Al inicio, nadie sabía quién o qué era este microscópico invasor, estábamos ciegos ante sus efectos y su
potencial para desmoronar la fragilidad del orden. Unos meses pasaron, y a medida que aprendíamos los pasos
del enemigo, las alarmas saltaron. Por deber o por voluntad, los humanos decidimos aislarnos de forma
voluntaria y unánime (en su mayoría) en nuestras casas, residencias y apartamentos con tal de evitar la
propagación del patógeno, todo en nombre del bien común, por supuesto. Y entonces, casi de la noche a la
mañana, el mundo se detuvo: Los cines dejaron de estrenar películas, los restaurantes dejaron de recibir
comensales, y las carreteras se quedaron sin carros. Parecía postapocalíptico, casi como salido de una película
de ciencia ficción en la que toda la humanidad había sido erradicada. Los negocios que no soportaron la
tempestad se vieron forzados a cerrar sus puertas. Muchas personas perdieron su trabajo, los mercados se
desplomaron, y muchas economías entraron en recesión. Pero el show debía continuar.
Si en algo somos buenos como especie, es en adaptarnos y encontrar una manera de superar la tempestad: Por
más que todo esté en nuestra contra, siempre buscamos aquella luz al final del camino, y el COVID no fue
excepción. Combinando un poco de ingenio con la tecnología; los docentes y maestros de todo el mundo,
aquellas personas con una labor tan valiosa pero tan ignorada, se propusieron idear una manera de seguir
esparciendo el regalo del saber sin que el aislamiento fuese una limitante, y si bien el método tenía sus fallos,
era mejor que la alternativa. Así comenzaron las clases en línea, al menos para nosotros.

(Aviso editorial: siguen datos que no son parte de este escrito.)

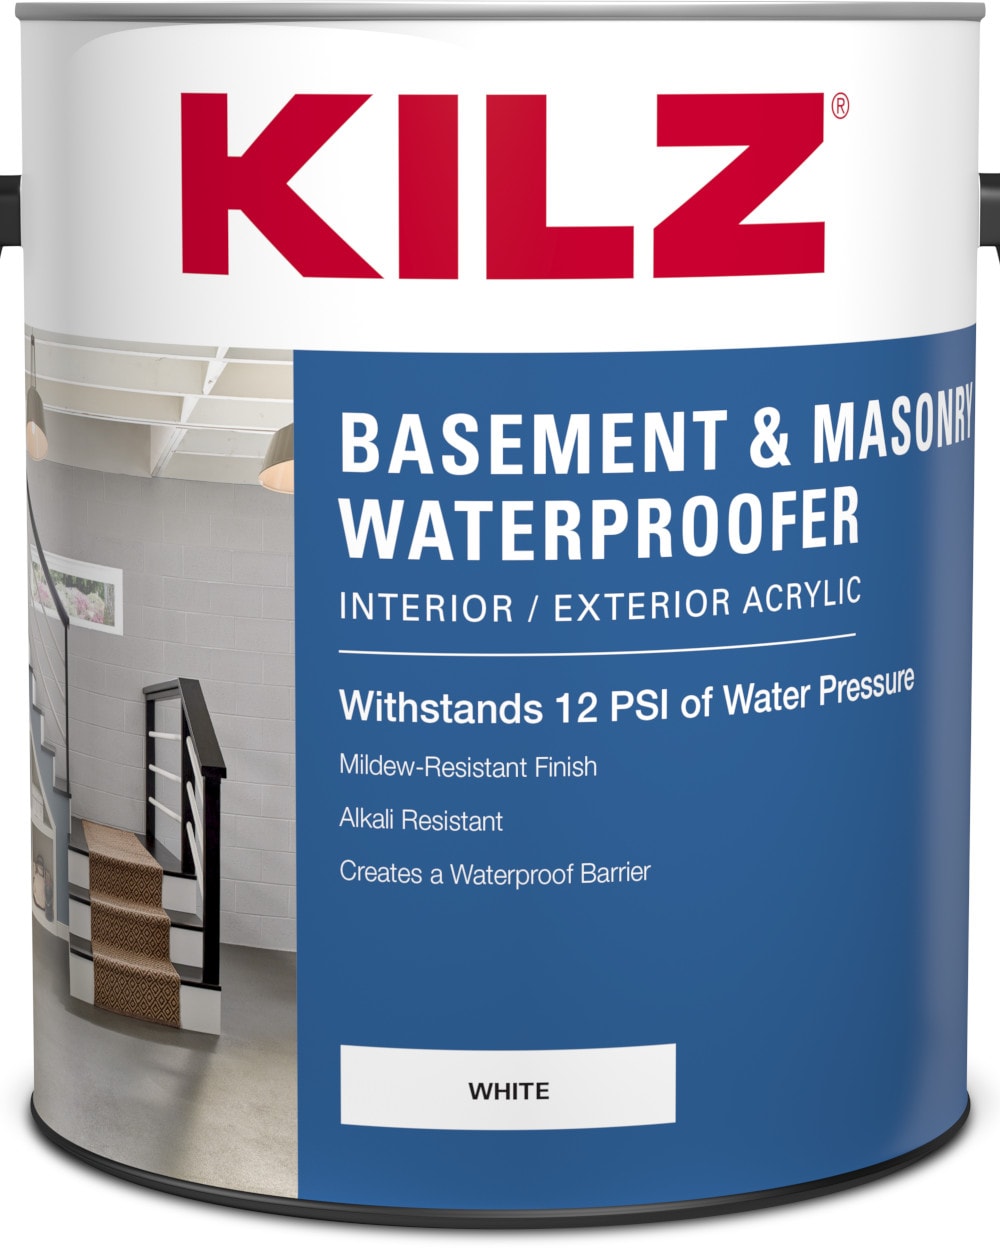 KILZ® Waterproofing Semi-Transparent Stain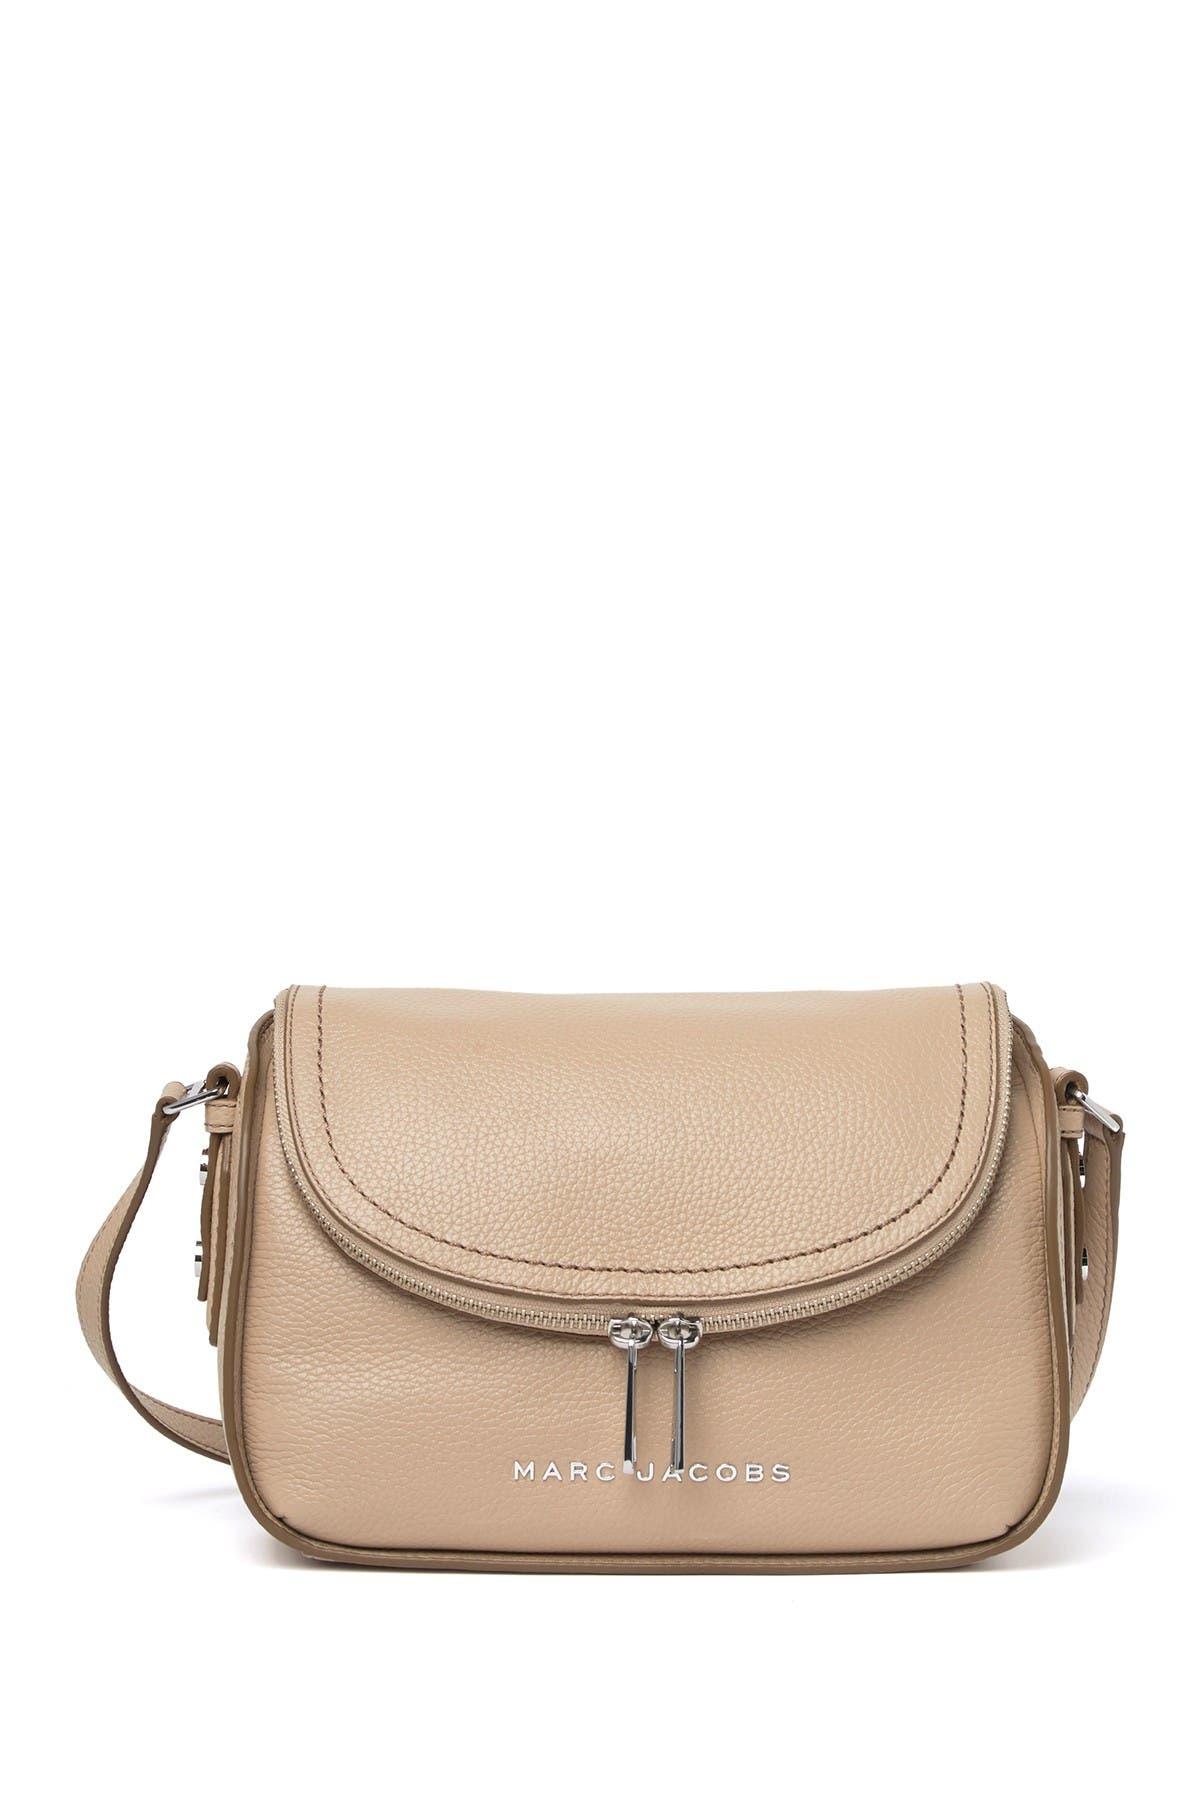 Marc Jacobs M0016931 Black/Gold Hardware Women's Grove Mini Crossbody Bag:  Handbags

Al inicio, nada fue fácil: nos era difícil el adaptarnos a esta nueva forma de aprender, y los maestros hacían su
mejor esfuerzo por impartir educación de calidad en una modalidad desconocida para ellos. Pasaron las semanas
y luego los meses, y de una forma u otra, nos acostumbramos a este nuevo mundo. Un mundo en el que
estábamos más conectados pero a la vez más solos, uno en el que nos abrazamos a través de una pantalla y las
buenas noches se dicen por mensaje se convirtió en la norma. Pasaron los meses y luego los años, la lucha
contra el COVID se intensificaba, y cada vez nos acercábamos más a la victoria.
Tras haber navegado 2 años en esta nueva realidad, el mundo pudo ir abriendo sus puertas poco a poco. La
gente regresaba a las calles, las economías se reactivaban, y el mundo lentamente regresaba a ser como era
antes, y nosotros por fin pudimos regresar a vernos el uno al otro y tomar clases en la misma aula, aunque claro,
con algunas precauciones. La alegría de volvernos a ver en persona era indescriptible. Por fin se había
terminado. La victoria no fue fácil, la batalla fue ardua y acalorada, perdimos a muchos en el camino e
indudablemente algunas cosas nunca volverán a ser como eran antes, pero lo sobrellevamos y nos unimos como
humanidad para el bien común. Puede que aún sintamos las cicatrices del ayer, pero nunca perdimos la
esperanza: siempre podemos ver al mañana con la frente en alto y esperar que sea mejor que el hoy.